> _The problem_
Leave out the pictures, and retype the remaining data exactly.

> _Provided entries_
++++++++++++++++++++
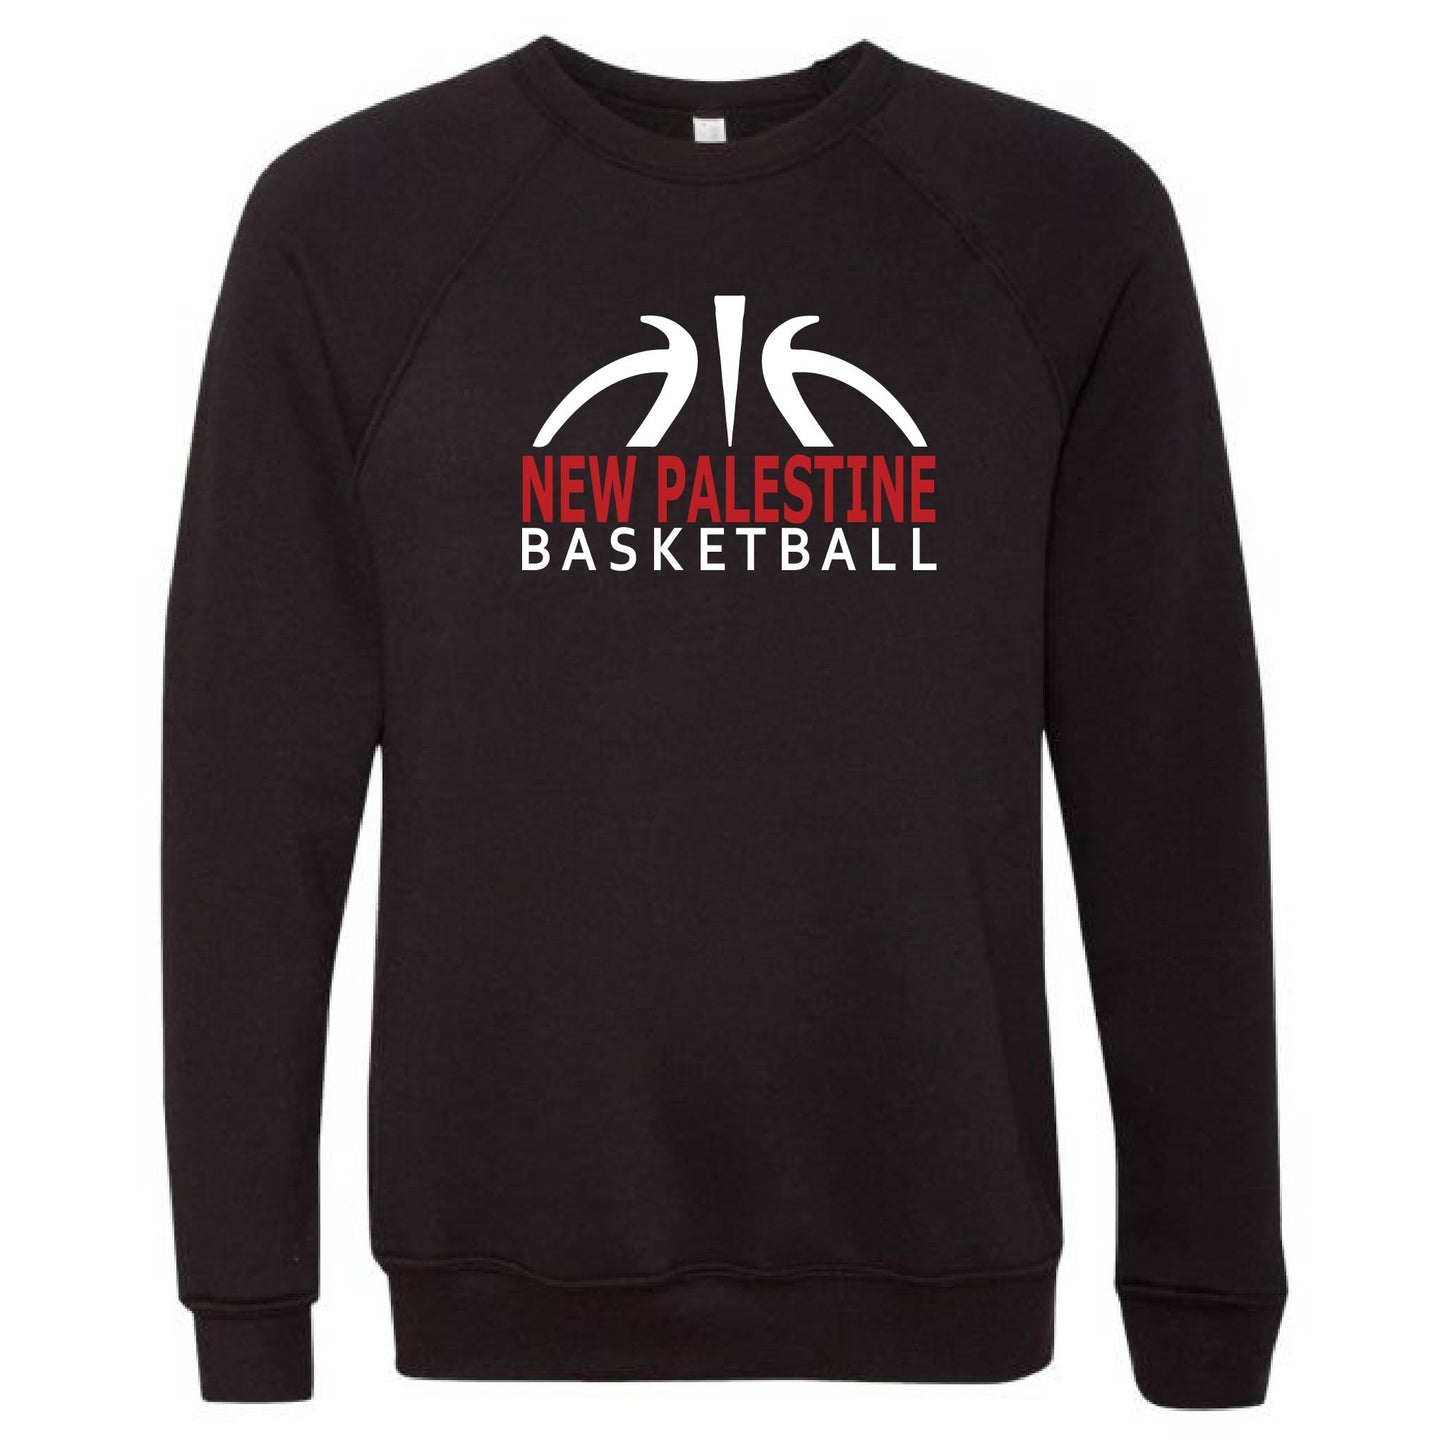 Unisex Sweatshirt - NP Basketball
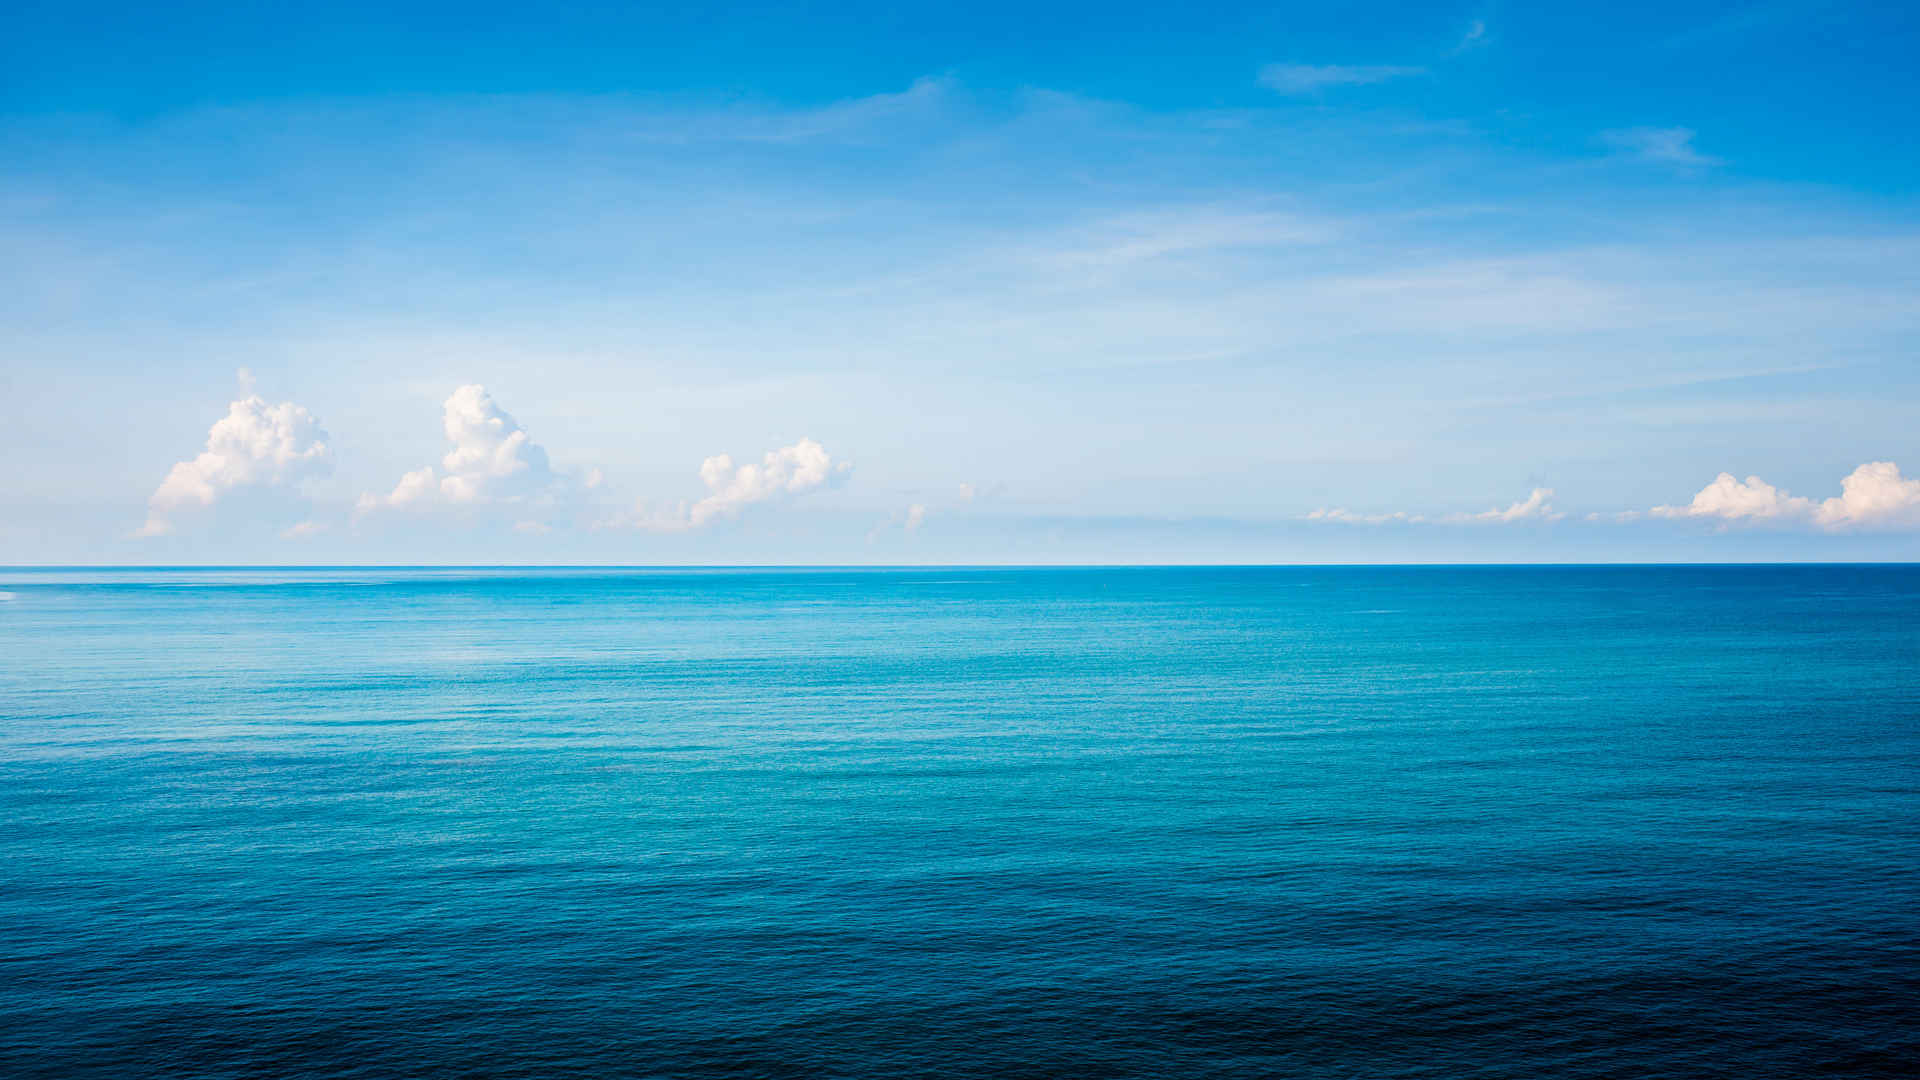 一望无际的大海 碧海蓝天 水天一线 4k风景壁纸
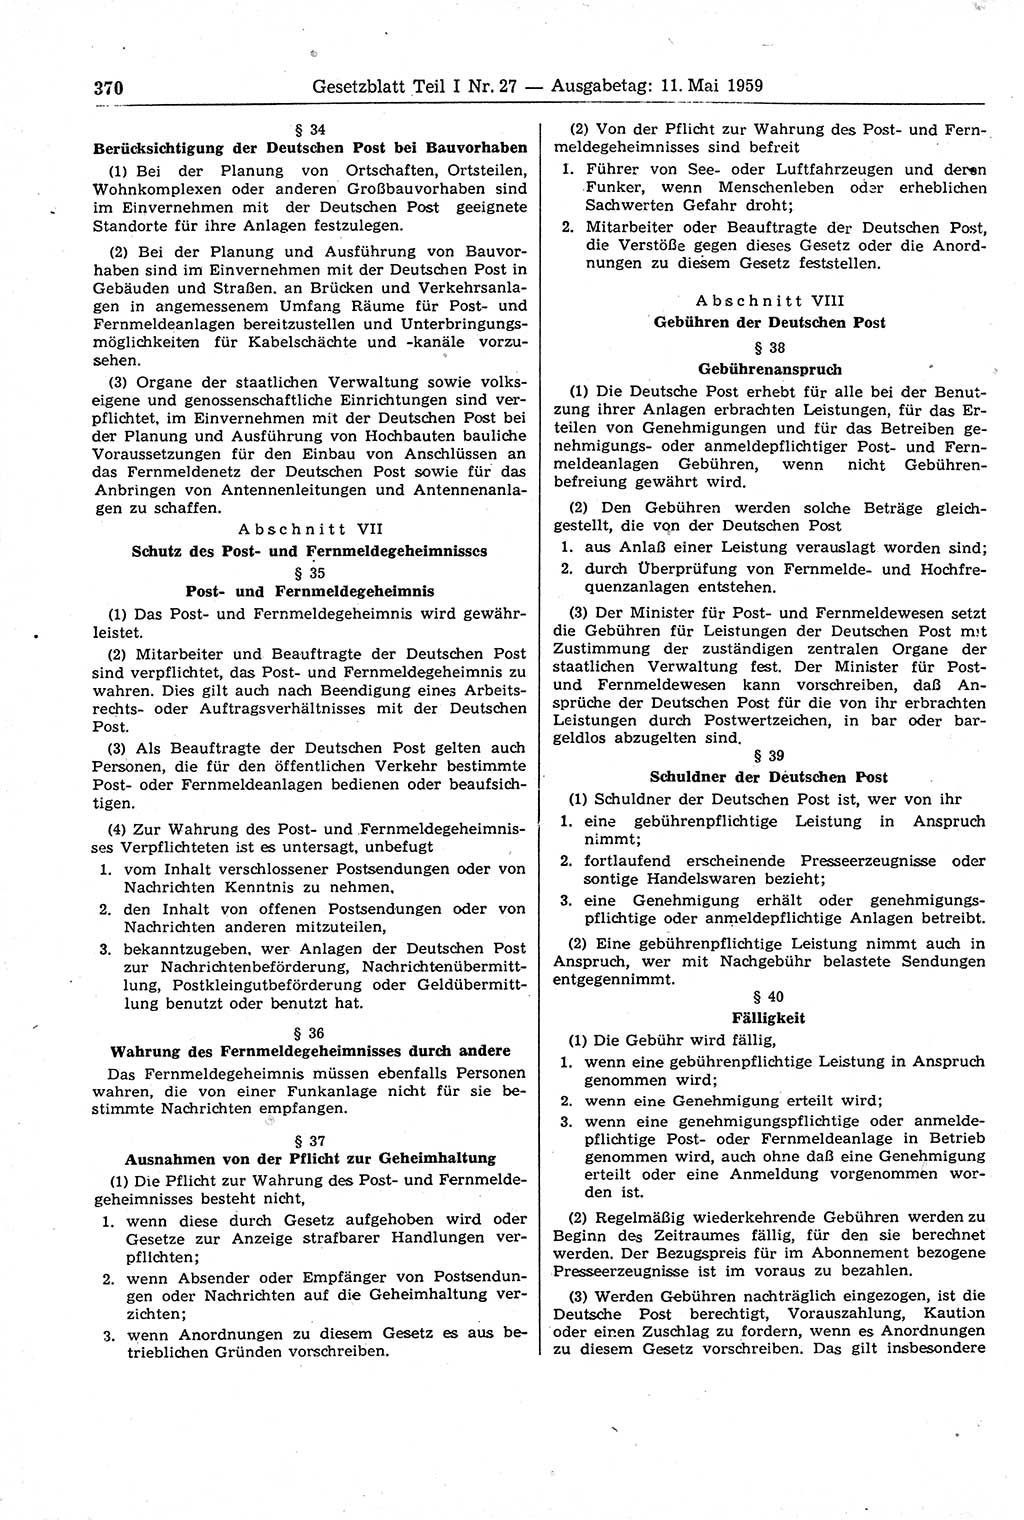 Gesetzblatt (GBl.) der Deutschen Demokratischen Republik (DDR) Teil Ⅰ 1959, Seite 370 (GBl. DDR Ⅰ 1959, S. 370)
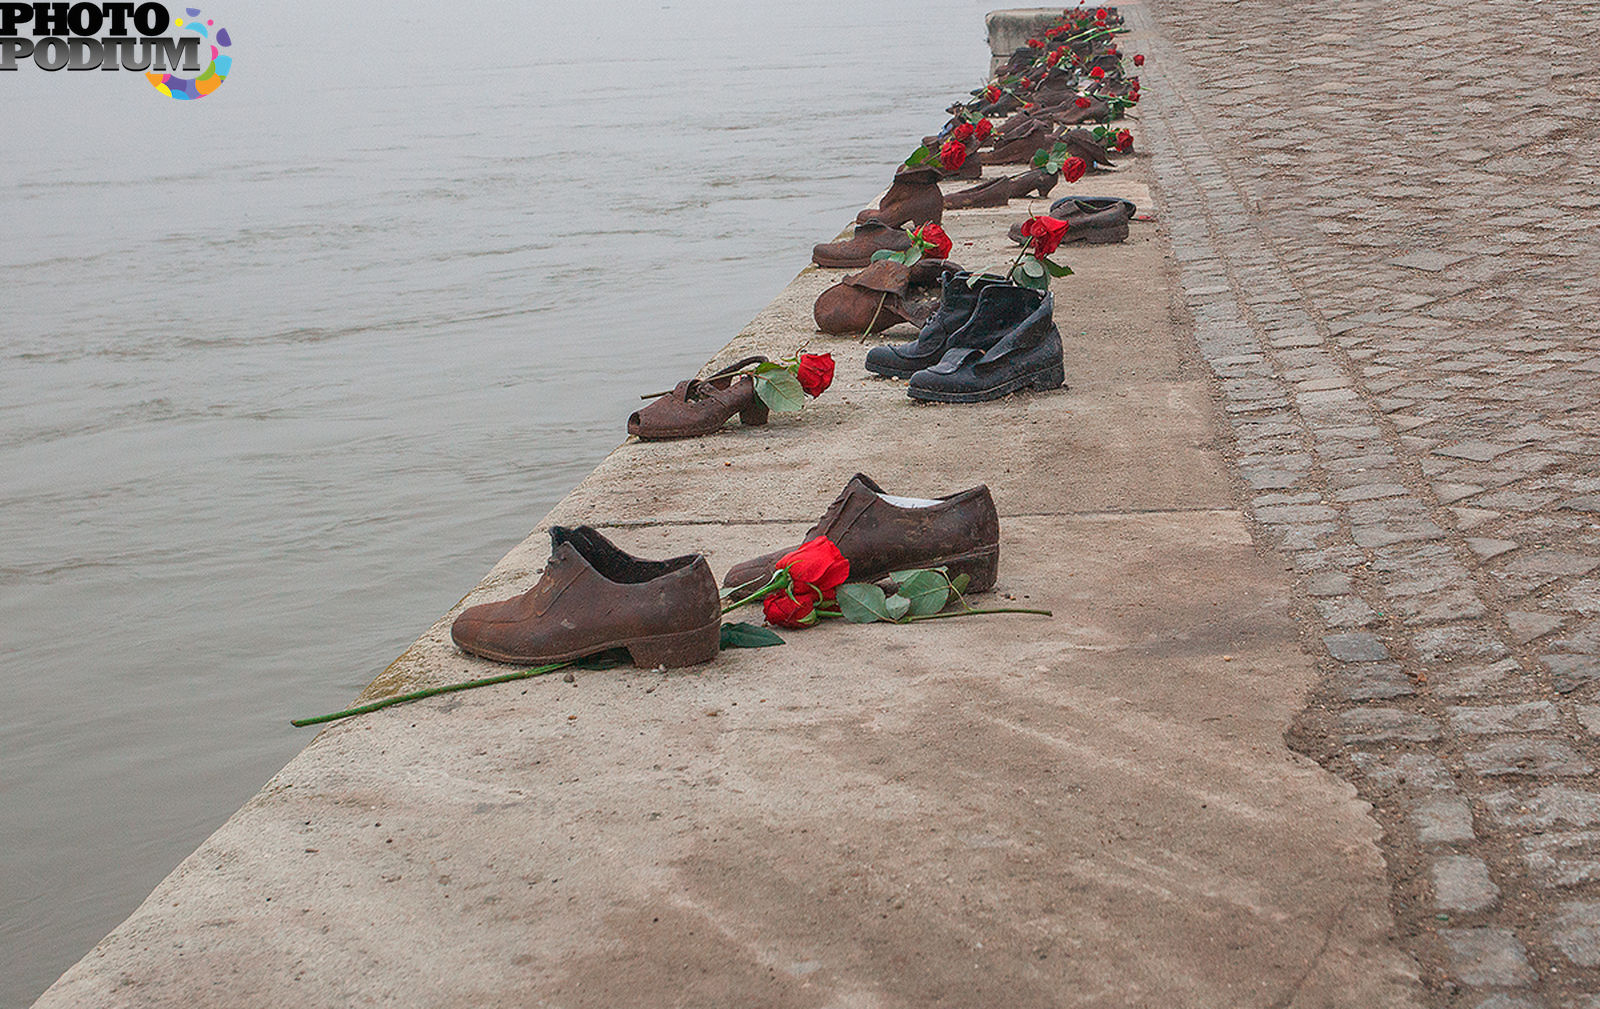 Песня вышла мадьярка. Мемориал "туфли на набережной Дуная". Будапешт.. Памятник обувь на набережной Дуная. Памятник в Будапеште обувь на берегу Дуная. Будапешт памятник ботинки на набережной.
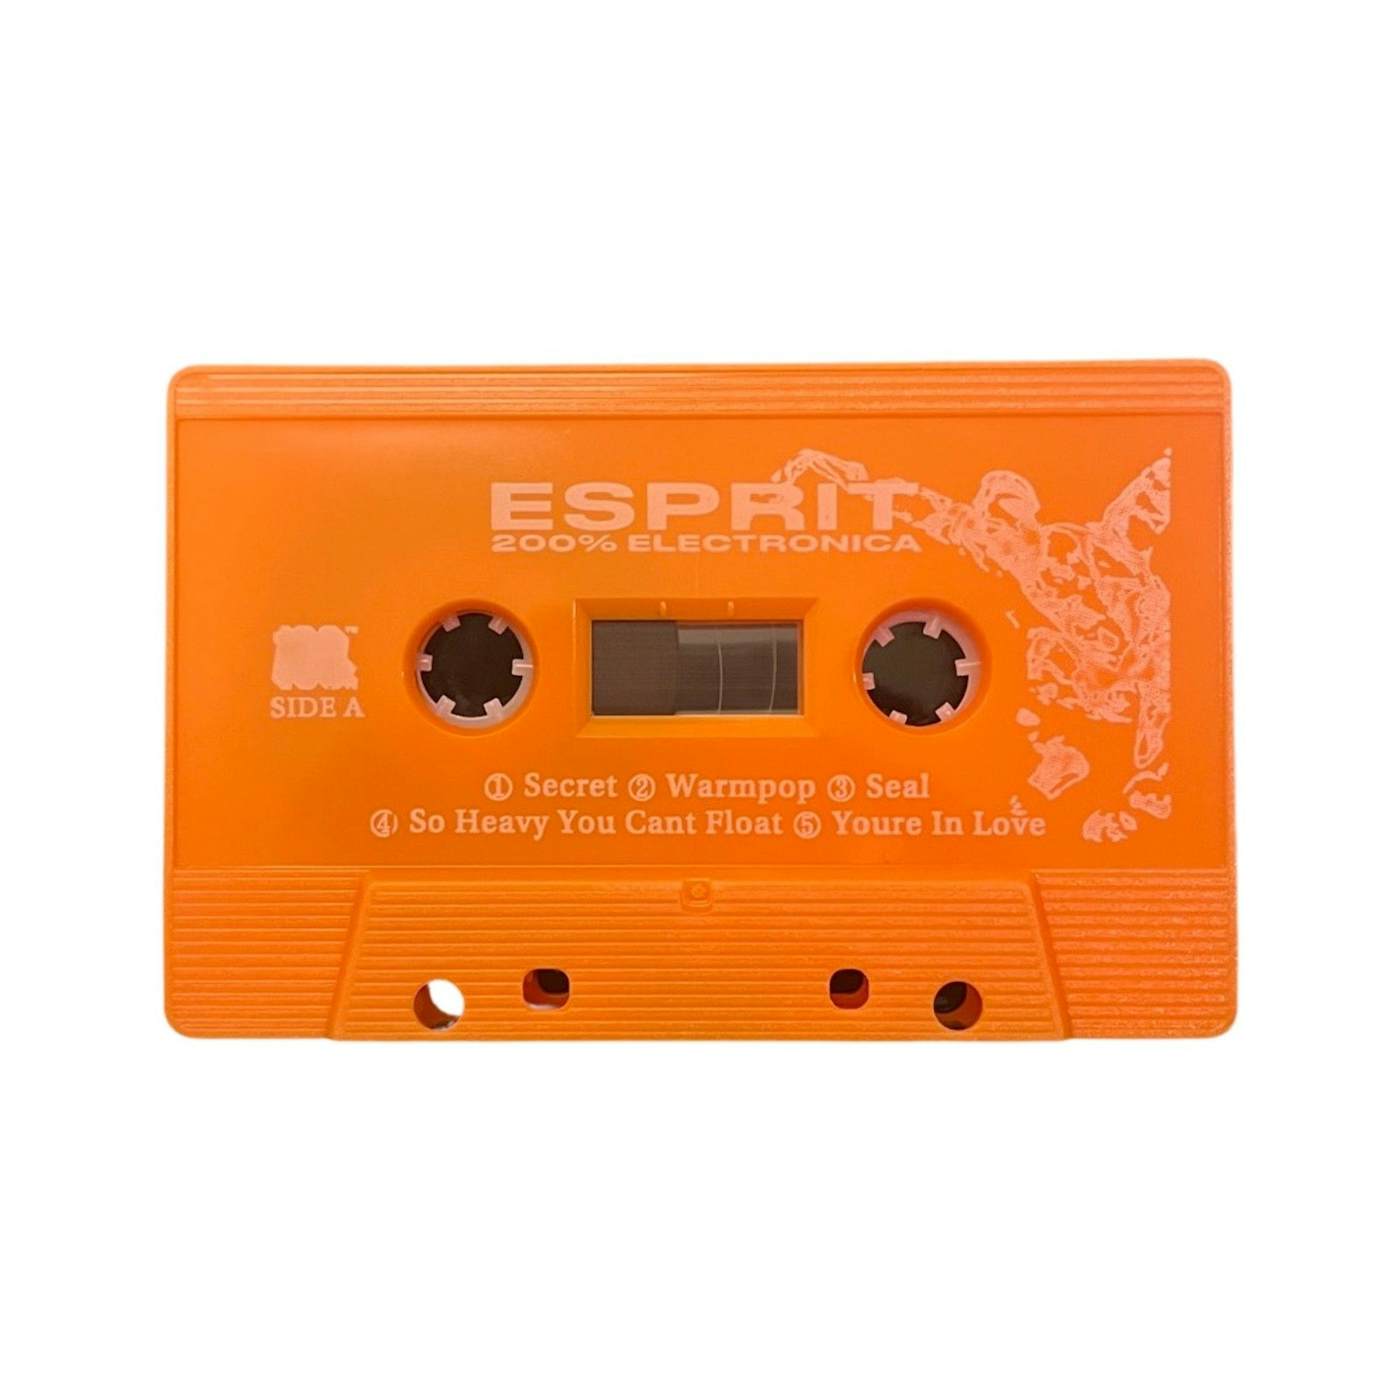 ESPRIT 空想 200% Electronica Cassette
++++++++++++++++++++
> _Response_
 Unisex Sweatshirt - NP Basketball
 一望无际的大海 碧海蓝天 水天一线 4k风景壁纸
 Gesetzblatt (GBl.) der Deutschen Demokratischen Republik (DDR) Teil Ⅰ 1959, Seite 370 (GBl. DDR Ⅰ 1959, S. 370)
 Песня вышла мадьярка. Мемориал "туфли на набережной Дуная". Будапешт.. Памятник обувь на набережной Дуная. Памятник в Будапеште обувь на берегу Дуная. Будапешт памятник ботинки на набережной.
 ESPRIT 空想 200% Electronica Cassette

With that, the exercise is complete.